Die anspruchsgemäße speicherprogrammierbare Steuerung unterscheidet sich
von der Bekannten dadurch, dass die beanspruchten speziellen sicherheitsgerichteten E/A-Geräte selbsttätig einen Vergleichstest zwischen ihren Kanälen sowie
zusätzliche Eigentests durchführen, so dass die sicherheitsgerichteten Programm-
Module in der Zentraleinheit eine zur Eigenüberwachung der sicherheitsgerichteten E/A-Geräte (7) redundante Überwachung der sicherheitsgerichteten E/A-Geräte durchführen.
Die DIN-Norm aaO hat Grundsätze für Rechner in Systemen mit Sicherheitsaufgaben zum Inhalt. Hierbei werden die Fehlerursachen in Rechnern (Kap. 4) und die
Maßnahmen zur Vermeidung (Kap. 5) und zur Beherrschung (Kap. 6) von Fehlern
beschrieben, speziell die strukturellen Maßnahmen zur Beherrschung von Fehlern
auf Systemebene (Anhang B.1) und Maßnahmen zur Beherrschung von Fehlern
unterhalb der Systemebene (Anhang B.2). Unter anderem wird im Anhang B.2
darauf hingewiesen, dass bei redundanter Systemstruktur eine weitere Redundanz unterhalb der Systemebene erst bei sehr hohen Anforderungen zum Einsatz
kommt, oder dass sie eingesetzt wird, weil eine schnelle Fehlererkennung ohne
Belastung der Verarbeitungseinheit Vorteile bringt (S 77, B.2.1.1). Auf speicherprogrammierbare Steuerungen wird in der DIN-Norm aaO nicht eingegangen.
Die übrigen noch im Verfahren befindlichen, in der mündlichen Verhandlung weder
von den Parteien noch vom Senat aufgegriffenen Druckschriften gehen über den
vorstehend abgehandelten Stand der Technik nicht hinaus und bringen auch keine
neuen Gesichtspunkte, so daß auf sie nicht eingegangen zu werden braucht.

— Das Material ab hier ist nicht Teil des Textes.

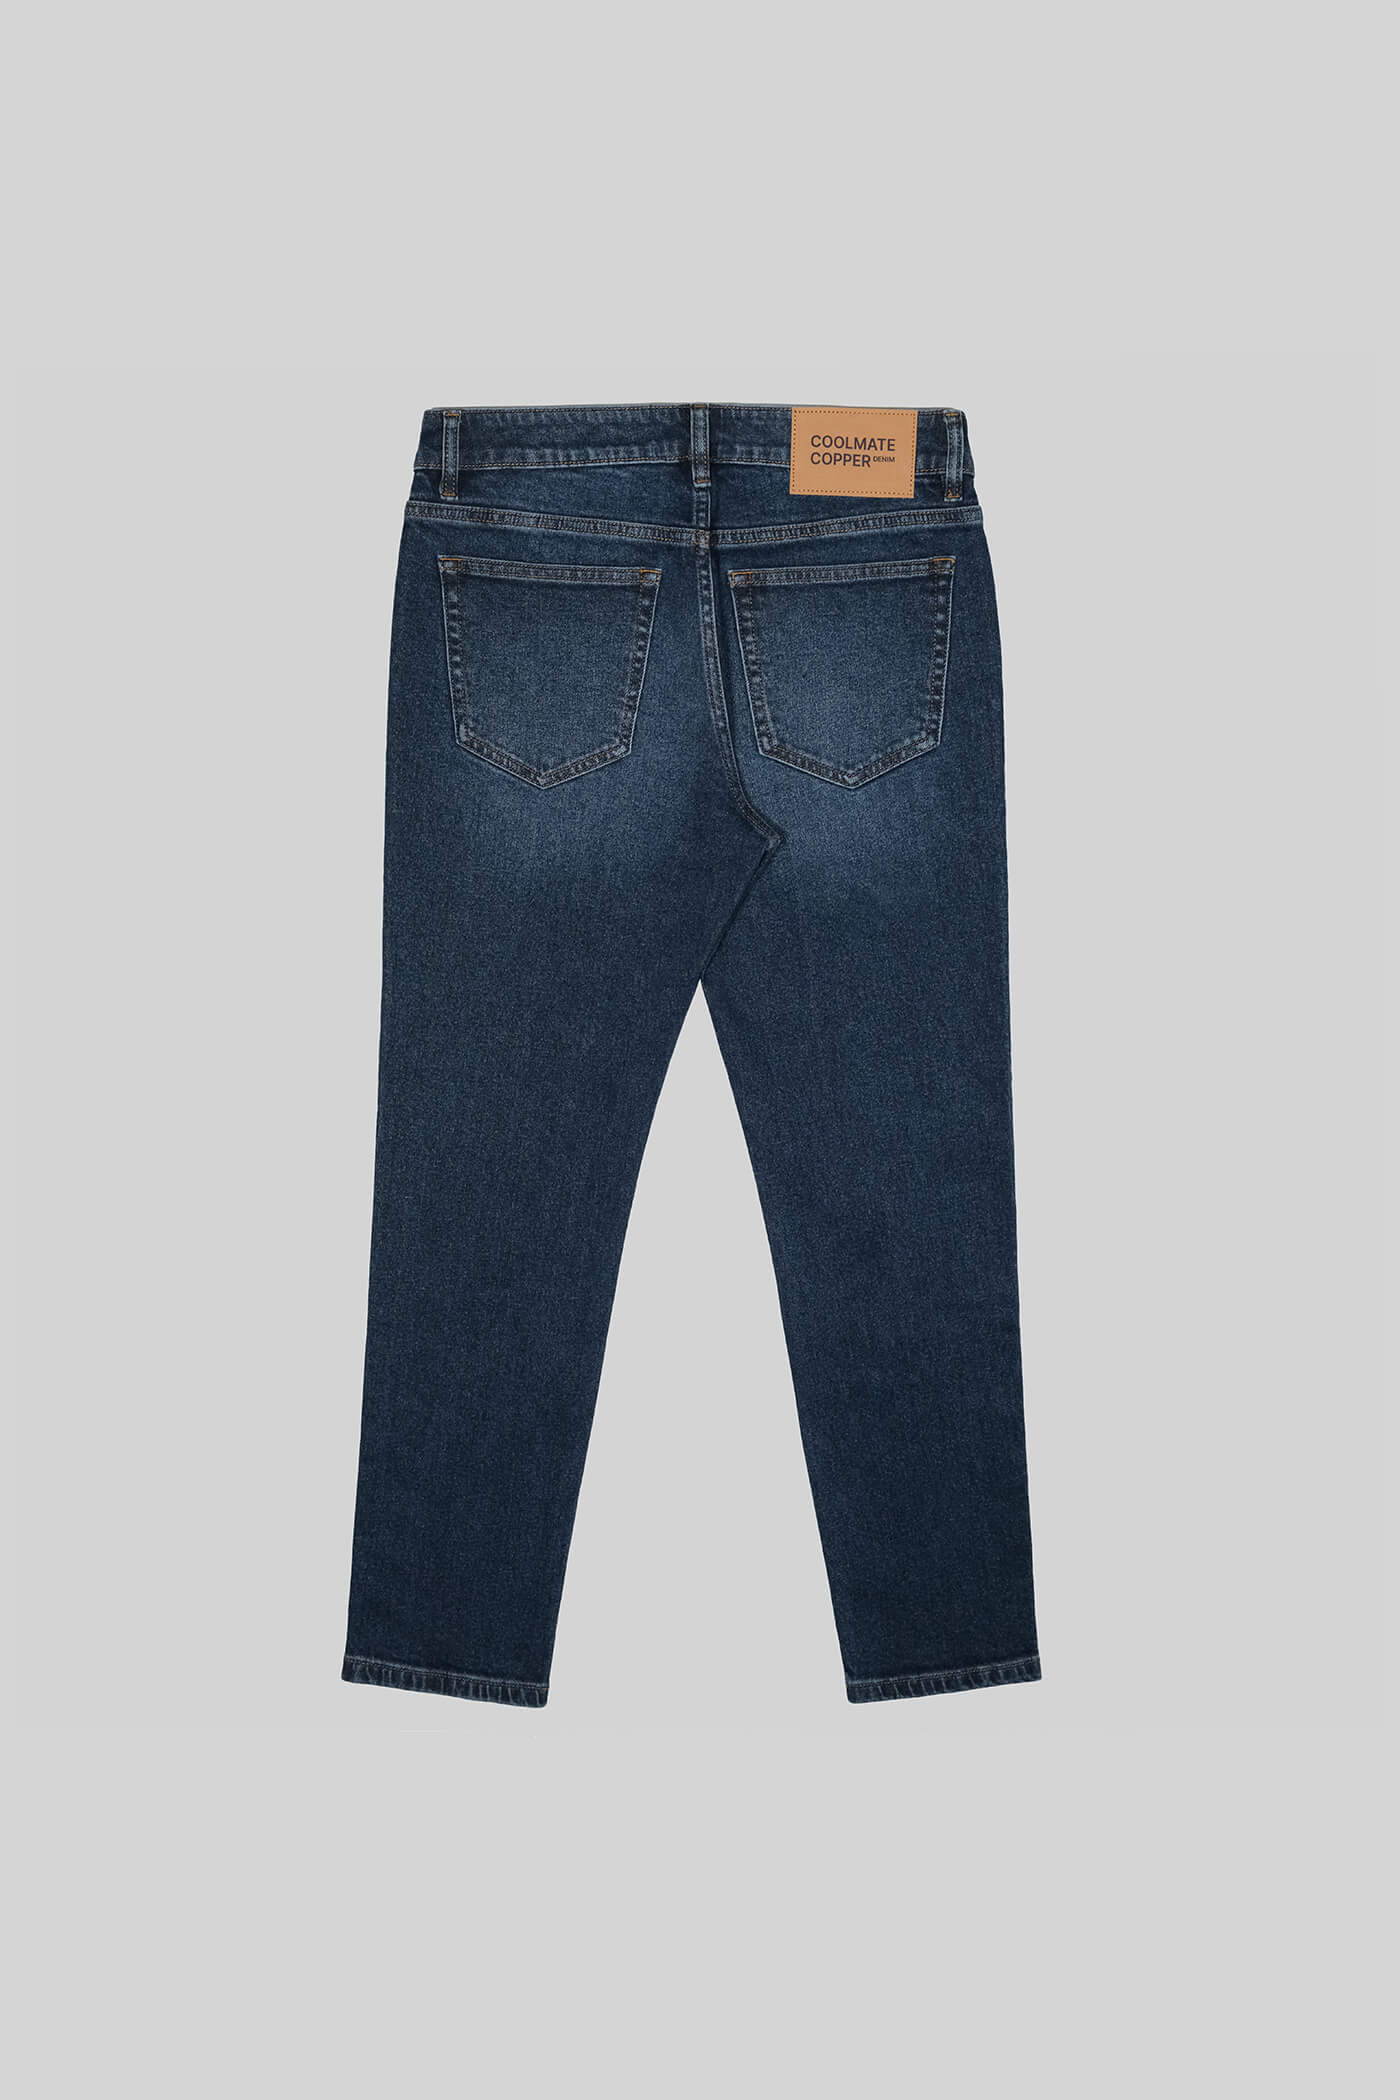 SĂN DEAL - Quần Jeans Nam Copper Denim Slim Fit  2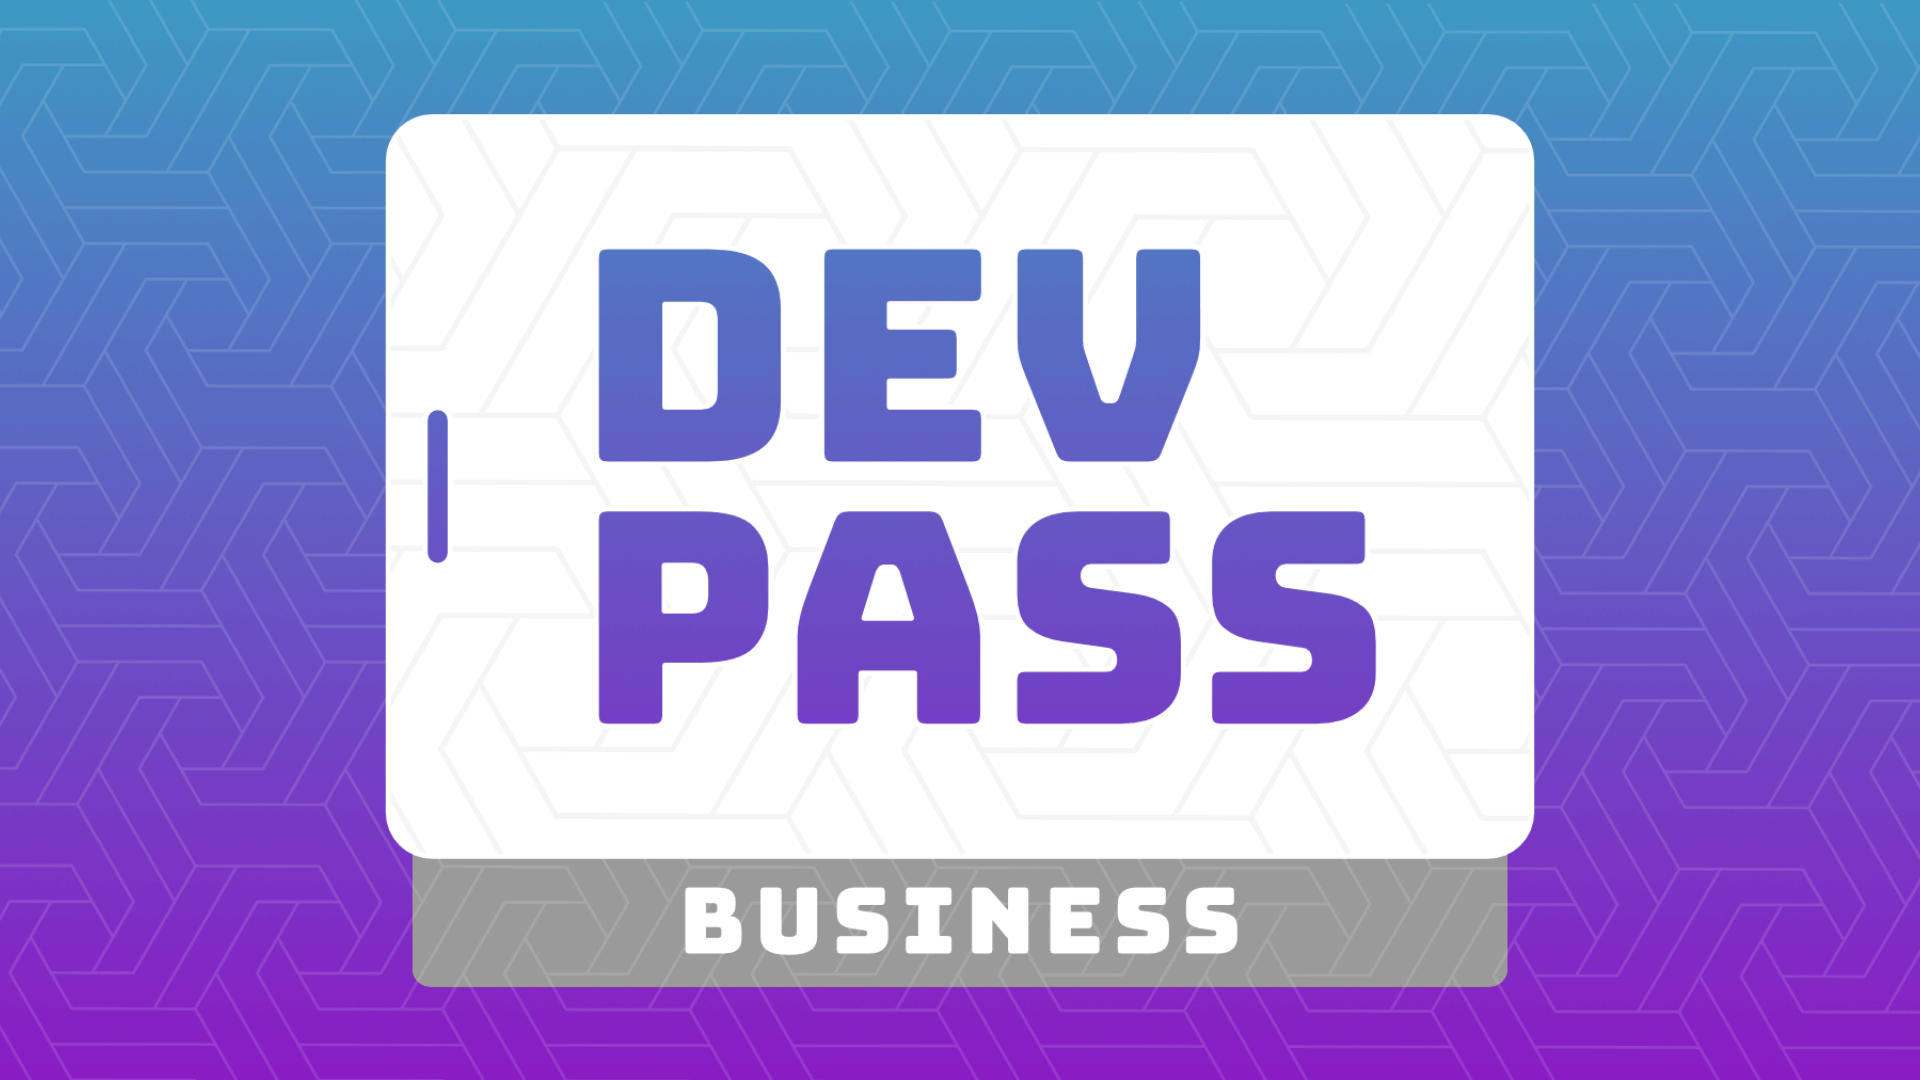 DevPass Business Overview Card Image

2. Die speicherprogrammierbare Steuerung des Patentanspruchs 1 beruht auch
auf einer erfinderischen Tätigkeit.
Ausgehend von der sicherheitsgerichteten speicherprogrammierbaren Steuerung
nach der deutschen Offenlegungsschrift 38 35 522 stellt sich dem Fachmann die
auch dort (Sp 1 Z 15 bis 17) bereits angesprochene Aufgabe, die Fehlersicherheit
und somit die Verfügbarkeit zu erhöhen, von selbst. Denn der Fachmann ist bei
Computersteuerungen stets bestrebt, die Ausfallsicherheit zu erhöhen, insbesondere auch um Gefahrensituationen durch eine fehlerhafte Funktionsweise zu vermeiden.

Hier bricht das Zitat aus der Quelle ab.